Человек сказал: «Ну, тебе в праздник пятый угол показывать?» И снова последовал удар, когда я захотел подняться, я снова полетел, потек по полу (вот теперь я убежден, что он был мраморный, тот пол: здорово же я по нему скользил) и снова стукнулся головой о противоположную стенку. Номер с такими полетами у моего обидчика был отработан. Так бил он меня, методически, но не зло, не ожесточенно, а скорей, профессионально и даже радостно минут десять, повторяя одно: «Пятый угол тебе в праздник показать?»
А потом он выкинул меня через ту же дверцу, и я побрел с окровавленным лицом и расквашенным носом в метро, потом на электричку. Нос я задирал вверх.
Я сглатывал кровь и тихонечко поскуливал, хотя не было больно. Было жалко себя. Пожаловаться, уткнуться в чужую теплую подмышку и то некому. Ни здесь, ни дома, нигде. Только оставался один самый близкий человек, Сталин, с которым я сегодня встречался, как с лучшей родней. Да ведь до него далеко, полгода, день к деньку, до следующих праздников, до самых Октябрьских копить свое время и терпеливо ждать.
Под бравурные марши из репродукторов я умылся из лужицы на асфальте. Полез в карман и вдруг обнаружил два злосчастных медяка. Как они туда попали, непонятно. Но обрадовался, что деньги, хоть и малые, не пропали, а значит, праздник по-своему даже продолжается. С этим и сел в электричку, четвертый вагон от конца, второе сиденье слева.
Билета в электричку я в те годы не брал, ни по праздникам, ни в будни.
В тот пятьдесят третий год, когда он умер, я уже служил в армии, иначе бы, подобно другим, кто жил в Москве и предместье, я неминуемо бросился бы на похороны.
Ведь пробивался же я к нему живому на Красную площадь! Даже без билета!
О том же, что тогда творилось в Москве, я узнал чуть позже из рассказов своих близких, тех, кто пережил и смог на себе почувствовать, каково же оно было.
У меня хранятся два письма, я нашел их совсем недавно, во время переезда из нашего дома в Ухтомской.
Когда моя сестренка получила квартиру, она позвонила и попросила приехать: «Там, в сарае, твои бумаги, посмотри, может, что-то тебе нужно».
Вот тогда, открыв тетрадь с записями по политзанятиям, я обнаружил эти письма. Одно письмо от руководительницы нашего драматического кружка в клубе «Стрела» Марии Федоровны Стрельцовой. В прошлом она была актрисой. Частенько писала мне утешающие письма в часть, где я служил.
Это письмо, с размашистым почерком на одну всего страницу, было послано в пятьдесят третьем году.

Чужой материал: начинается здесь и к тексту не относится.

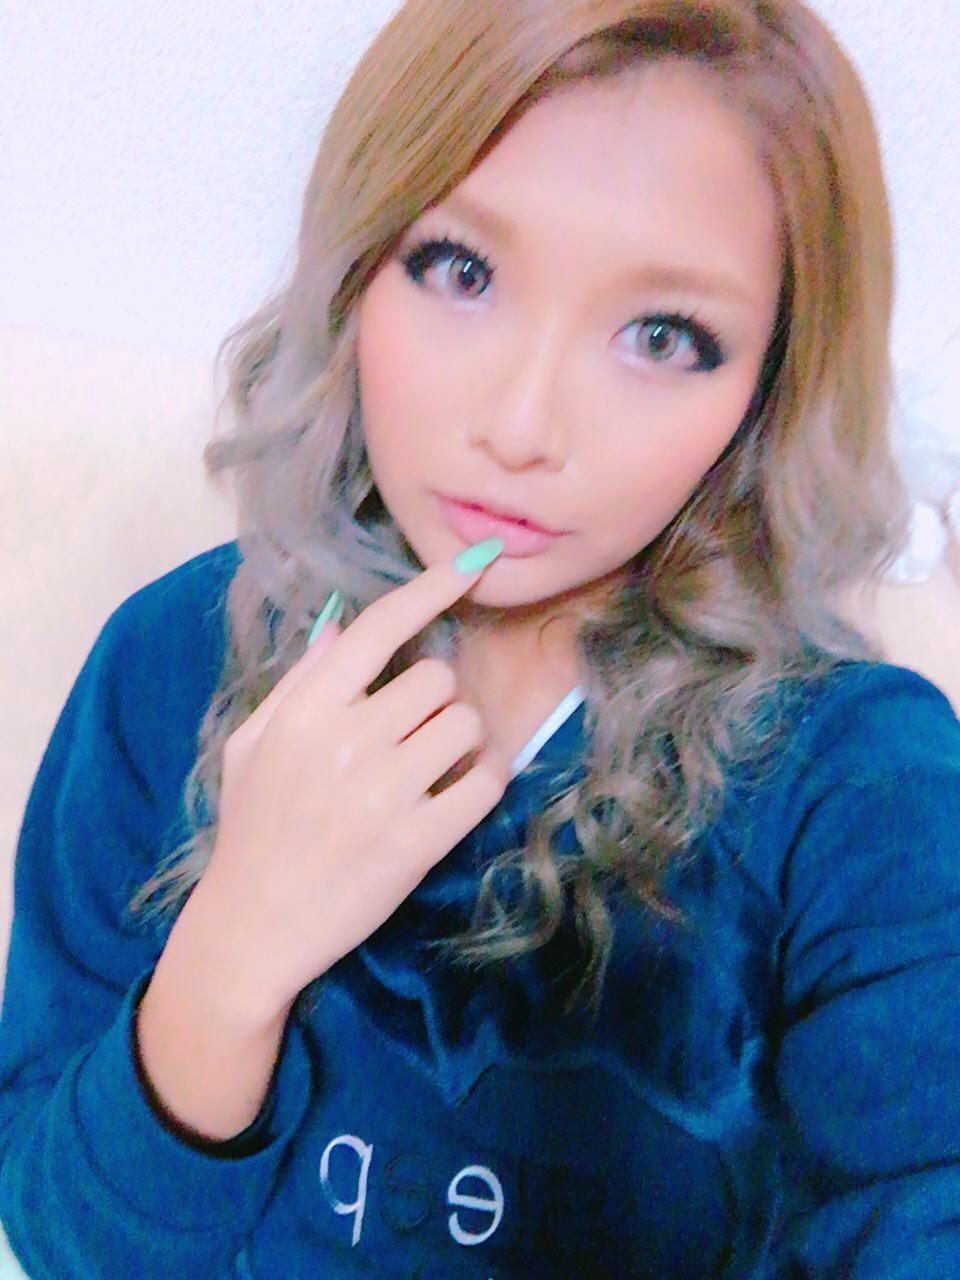 「けんぴい」11/13(火) 00:23 | LOIの写メ・風俗動画

«Милый Толя, здравствуй! Получила твое письмо, сразу же хотела ответить, но тут случилось это горе, это наше общее горе. Нет слов, нет мыслей выразить его, разве только без конца повторять: «его нет, нет, нет!» Ты знаешь, что делалось в Москве! Все стремились пройти к нему в Колонный зал для прощания, но многим так и не удалось. Поезда в эти дни шли мимо всех станций, иначе люди затопили бы Москву. Вот уж неделя, как его нет, но ощущение такое, что это неправда, он живет среди нас, все, все о нем напоминает. Он столько сделал, что ни на секунду не забудем его и никогда не сможем сказать: «Он был», а «он есть», и есть во всем: в работе, в личной жизни, в искусстве. Вчера еще раз смотрела кино «Клятва», и весь зал плакал, но он был как живой среди нас. Толя, милый, пока не могу ни о чем писать, наши кружковцы все подавлены, но я приезжала все время к ним и старалась поднять их дух и еще больше работать. Работать, как учил он…»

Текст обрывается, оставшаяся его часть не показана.